O ponto mais crítico para a bancada da agropecuária na MP é a taxação de títulos do agronegócio, hoje isentos de tributação no rendimento de pessoas físicas. A MP prevê tributação de 5% sobre os rendimentos gerados a partir de Letras Hipotecárias, Letras de Crédito Imobiliário (LCIs), Certificados de Recebíveis Imobiliários (CRIs), Certificado de Depósito Agropecuário (CDA), Warrant Agropecuário, Certificado de Direitos Creditórios do Agronegócio (CDCA), Letra de Crédito do Agronegócio (LCA), Certificado de Recebíveis do Agronegócio (CRA) e Cédula de Produto Rural (CPR) a partir de 2026.
Para a FPA, a tributação de títulos agropecuários vai comprometer a previsibilidade e elevar o custo de captação de recursos no agronegócio.
Alternativas
Entre as alternativas negociadas pela FPA com Zarattini estão a isenção de tributação sobre CRAs e CRIs. “Estamos esperando as devolutivas do que poderemos chegar no momento da votação e entender quando ela será votada na Comissão para depois ir ao plenário”, afirmou Lupion.
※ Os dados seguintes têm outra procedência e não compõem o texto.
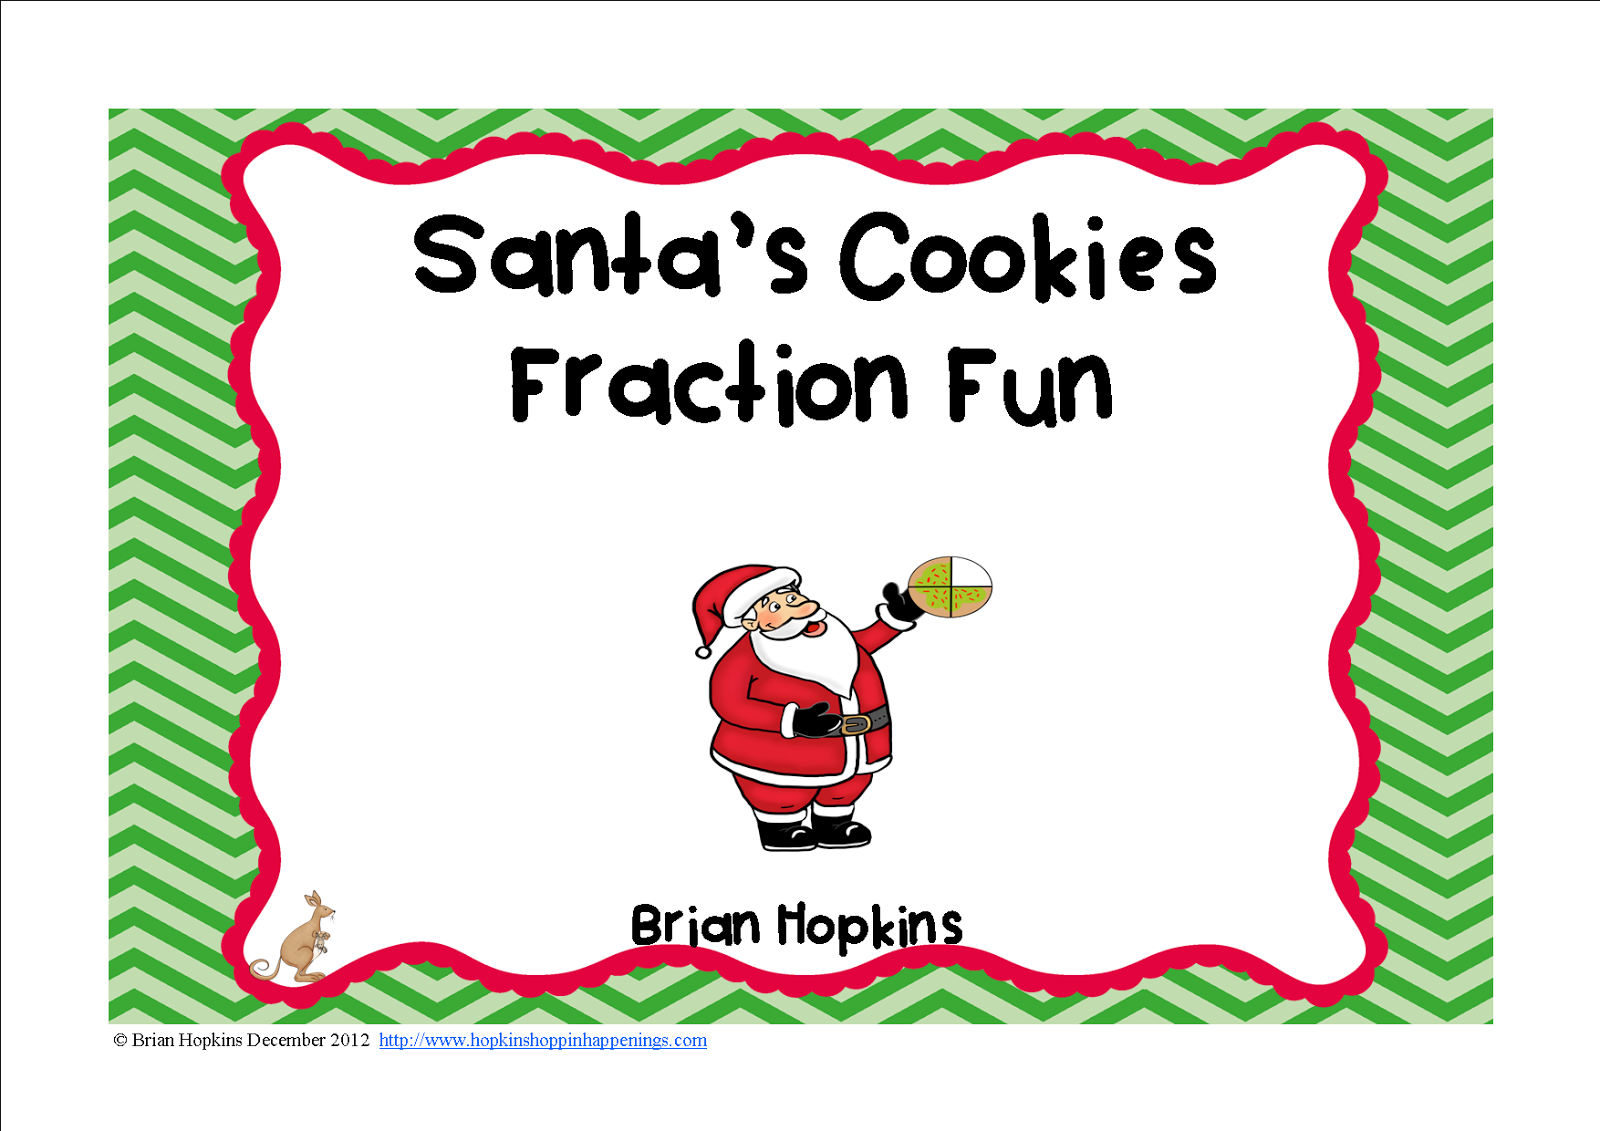 Santa's Cookies Fractions

O líder da bancada agropecuária evitou detalhar as demais alternativas em negociação com Zarattini.
“Apresentamos mais de dez pontos à Receita e ao Ministério da Fazenda que poderiam minimamente reduzir o impacto da diminuição da atratividade das LCAs e da aplicação das LCAs”, pontuou Lupion.
Outra possibilidade em discussão é o aumento do porcentual obrigatório de LCAs destinado ao crédito rural, a chamada exigibilidade, hoje de 60% para a safra 2025/26.
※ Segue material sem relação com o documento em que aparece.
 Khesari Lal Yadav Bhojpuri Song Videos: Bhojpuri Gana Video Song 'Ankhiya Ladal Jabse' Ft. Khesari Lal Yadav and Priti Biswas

Como mostrou o revelou o Estadão, o governo propôs à bancada agropecuária elevar a exigibilidade como contrapartida à taxação das letras. “O governo tem sinalizado para o aumento de exigibilidade de 65% a 80%. Temos tratado sobre isso com cuidado para que as LCAs não percam a atratividade também como um título de investimento de pessoa física”, pontuou Lupion.
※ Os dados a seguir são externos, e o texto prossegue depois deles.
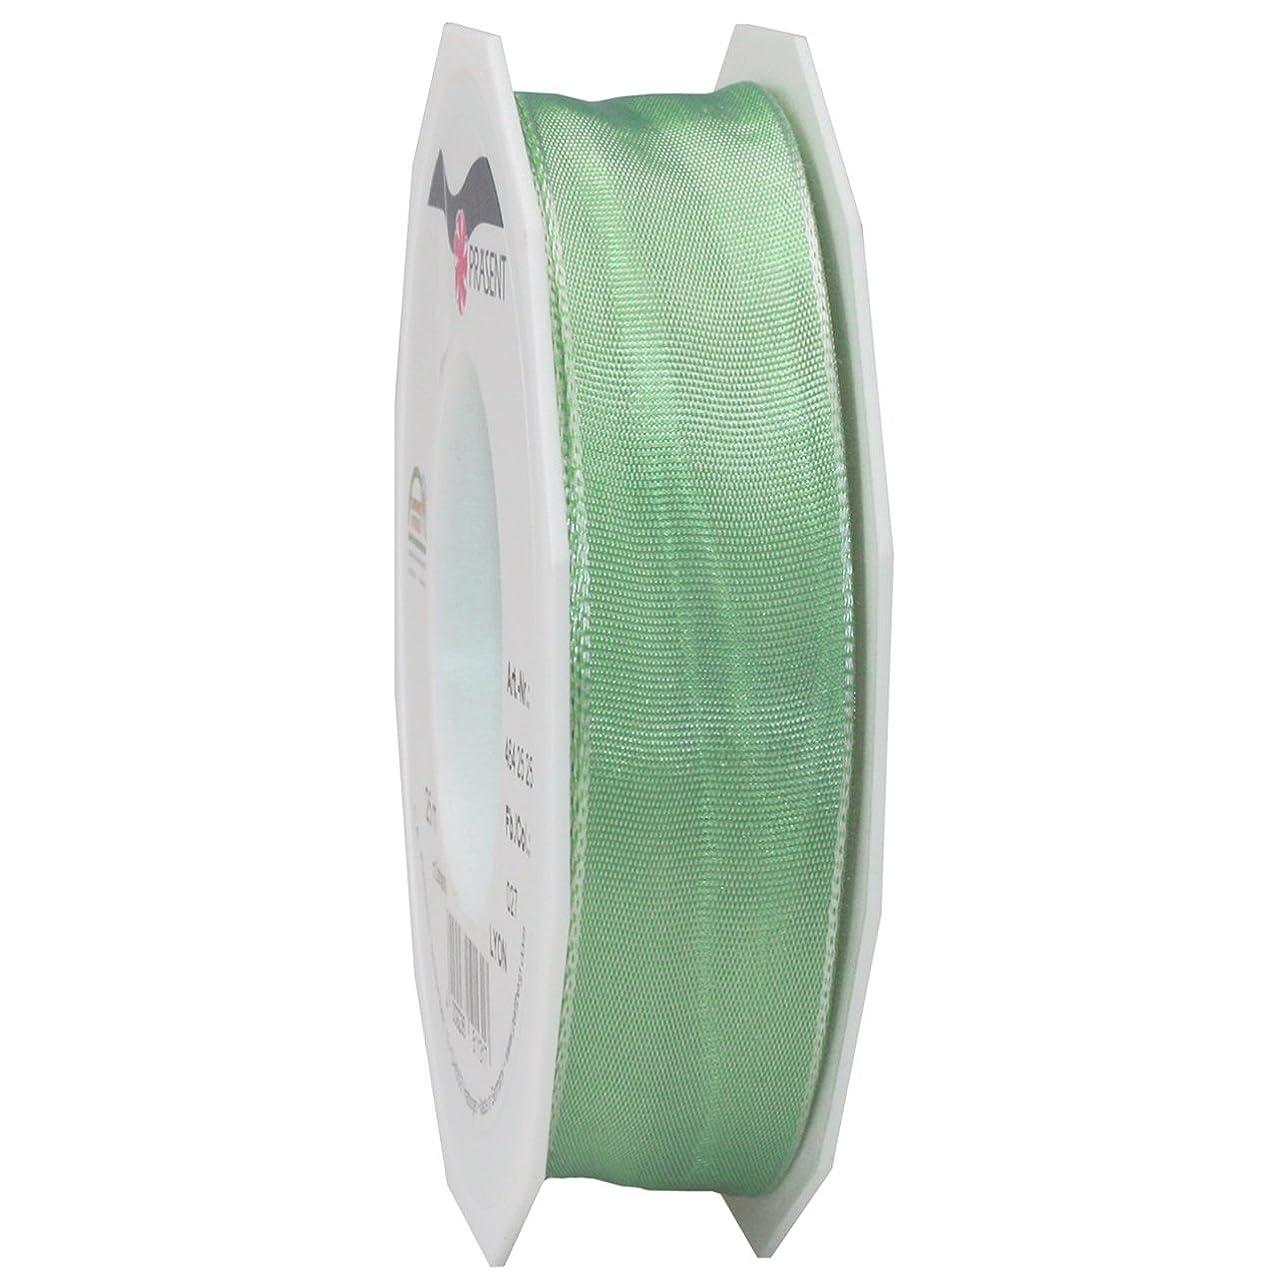 Morex Ribbon French Wired Lyon Ribbon, 1-Inch by 27-Yard Spool, Mint Green

Essa previsão da exigibilidade constaria em lei, segundo ele. “Buscamos um entendimento para que as LCAs fiquem na sua maior parte efetivamente direcionadas para investimentos do agronegócio, mas não adianta colocar 100% no agro e tirar a atratividade do título para investidores”, observou Lupion.
Um dos pontos em negociação, segundo Lupion, seria evitar a taxação das LCAs para pessoas físicas e limitar para pessoas jurídicas.